There’s More to Good Vision Than “20/20”
If you’re reading this, you’re probably familiar with the vision chart that hangs in every eye doctor’s examining room–the one with a big “E” at the top. It’s officially known as a Snellen chart and it’s been the basis for measuring visual acuity since the late 1800s. Think of visual acuity as a quantitative measure of your vision, establishing where your vision is placed on a numeric scale. There are also qualitative measures of your vision, such as your ability to perceive subtle contrast changes, especially in low-light situations. Taken together, these quantitative and qualitative measures determine the overall performance of your vision.

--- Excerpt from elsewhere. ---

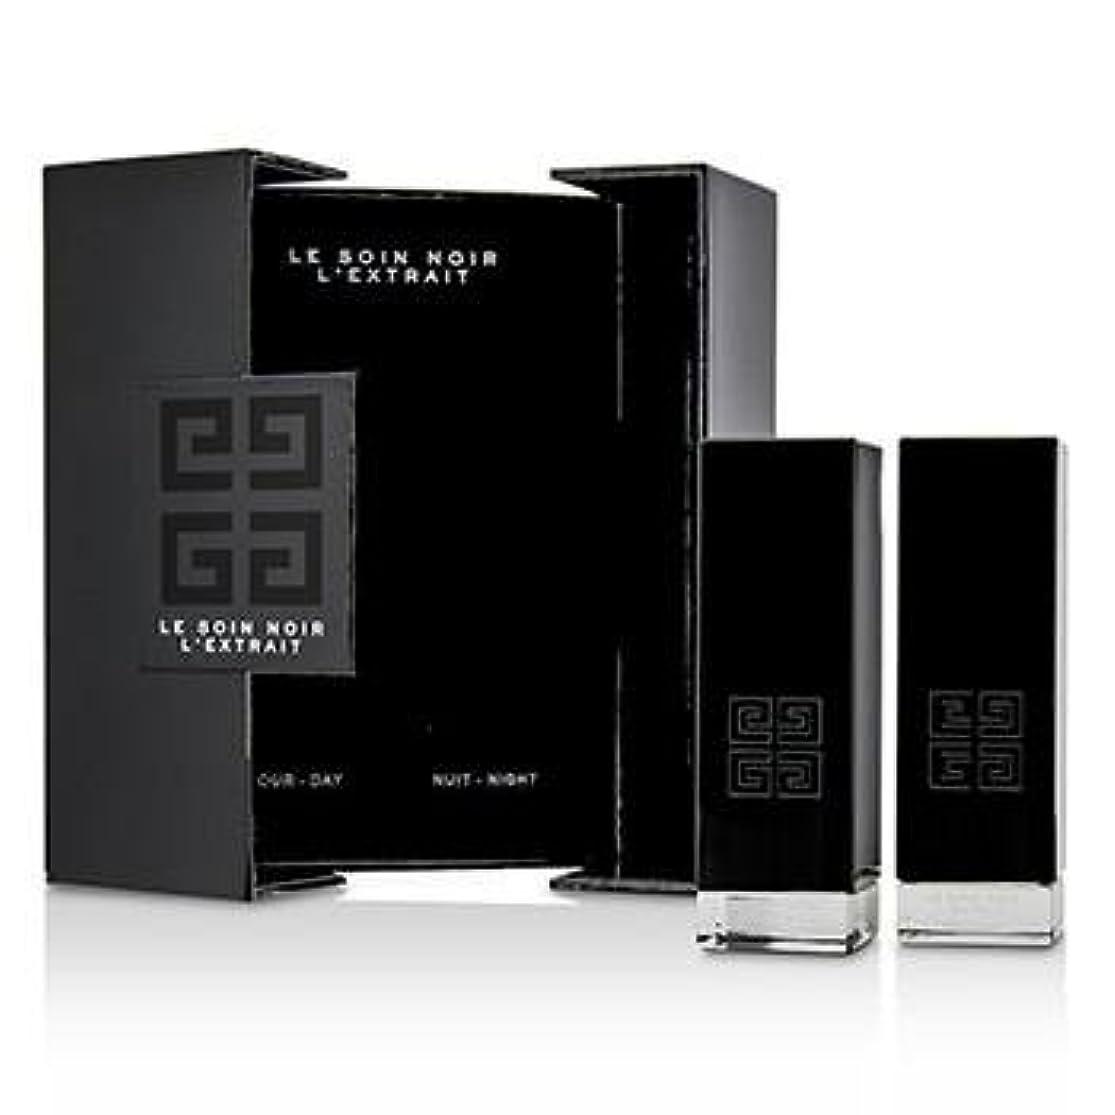 許可する作曲する変更可能ジバンシィ Le Soin Noir L'Extrait: L'Extrait Day Serum 15ml/0.5oz + L'Extrait Night Serum 15ml/0.5oz 2pcs並行輸入品

Visual Acuity: Your Vision By the Numbers
If your visual acuity is determined to be 20/20, you see at 20 feet what a person with normal vision sees at 20 feet. If you have 20/40 vision, you see at 20 feet what a person with normal vision could see from 40 feet. And, if you’re one of the lucky ones who has 20/15 vision, you can see at 20 feet what others would have to move up to 15 feet to see. Your visual acuity is an important measure of vision. Many common problems can be identified by this measurement method, including the ones you’ve most likely heard of before – like nearsightedness and farsightedness.
Beyond the Numbers: Your Vision Quality
There are also qualitative factors affecting your vision. A number of considerations – like contrast sensitivity – also contribute to your vision’s performance. Contrast sensitivity is a measure of your ability to discern subtle changes in a visual image. Many routine visual tasks – recognizing a face, for example – rely more upon contrast sensitivity than visual acuity. Problems believed to be associated with poor visual quality are normally most apparent in low-light situations.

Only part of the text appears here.